Naturally, in Italy the price of cigarettes was high relative to rice, but it was low in Switzerland. Some illustrative (i.e. made up) relative prices are shown in the table. It shows the local currency prices, but since lira were worthless outside Italy, the prices that matter are relative prices. Here the table shows that a kilo of cigarettes is worth a half kilo of rice in Switzerland, but a whole kilo in Italy. This relative price difference opened up an opportunity for smuggling as shown in Figure 1.

Alt Cascading advantage

A Swiss-based smuggler could buy 100 kilos of cigarettes locally for 2,000 CHF, hire some strong young men to bring them over the Albrun Pass to Italy and exchange it for rice. What would the smugglers get for their efforts?

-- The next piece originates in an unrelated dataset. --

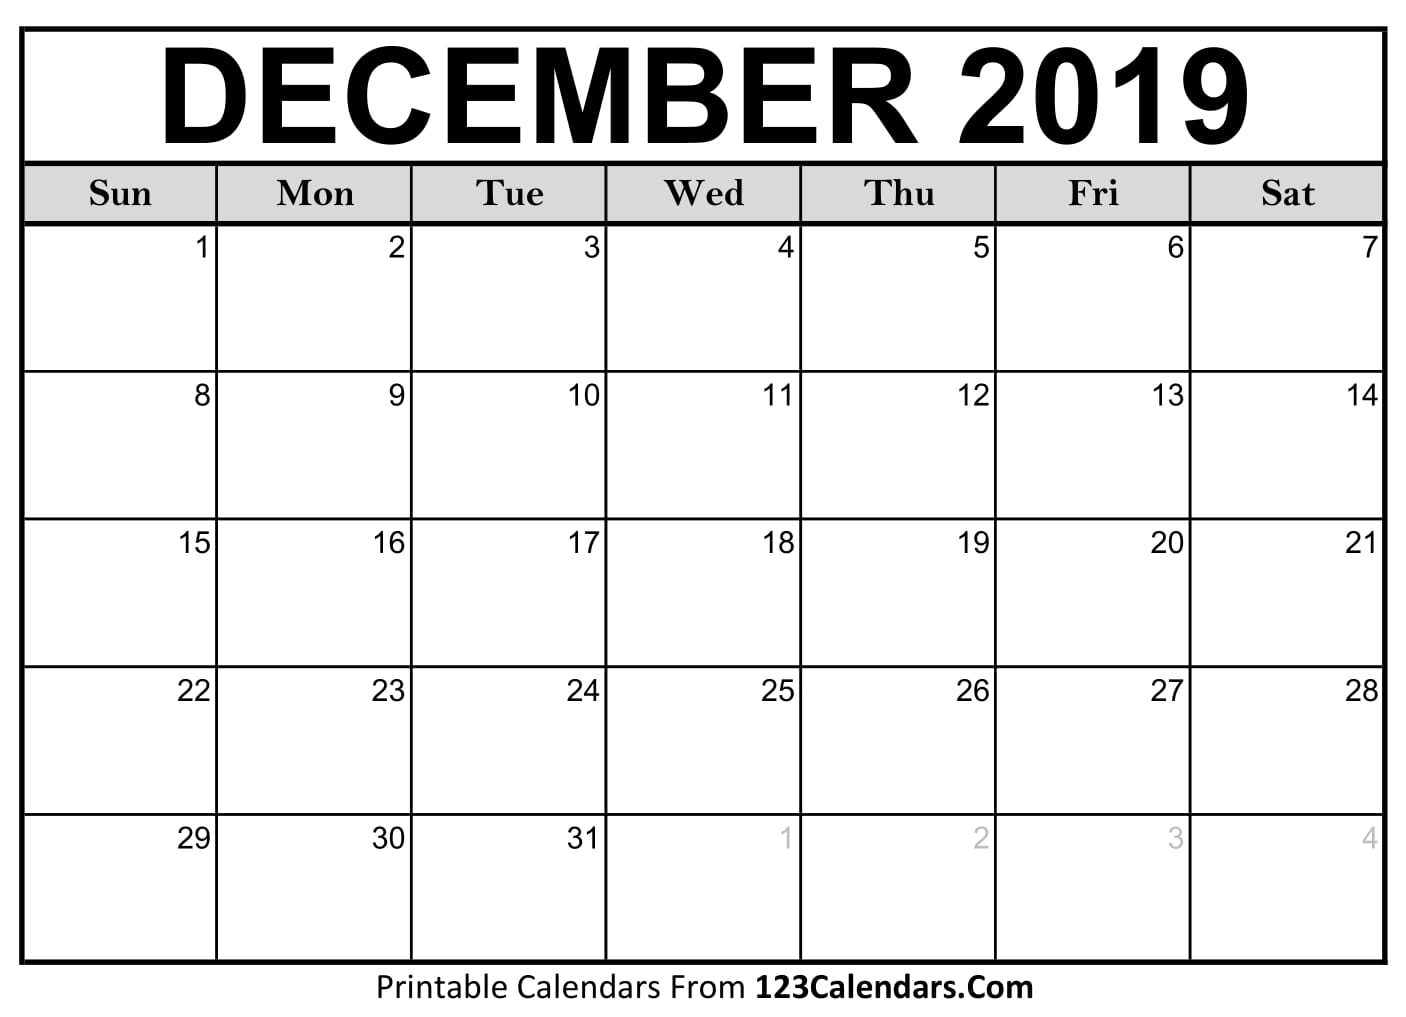 December 2019 Printable Calendar | 123Calendars with regard to Printable Blank Calendar For December

The Italian participants would surely refuse to pay the full Italian price of 100 kilos of rice for the 100 kilos of smuggled cigarettes since they could get that price legally. The Swiss smugglers would refuse anything less than 50 kilos. Just to be concrete, say the deal is struck at 75 kilos of rice for the 100 kilos of cigarettes. To finish the cycle, the Swiss load up their packs with the rice, return to Switzerland and sell the 75 kilos for 40 francs per kilo. Or perhaps somewhat less since the Swiss purchasers would need an incentive to buy from smugglers instead of the local store. To be concrete, suppose the Swiss smuggler gets 30 CHF per kilo of rice. Overall, the relative price moves from 1 to 4/3 in Italy while the relative price is Switzerland moves from 2 to 3/2.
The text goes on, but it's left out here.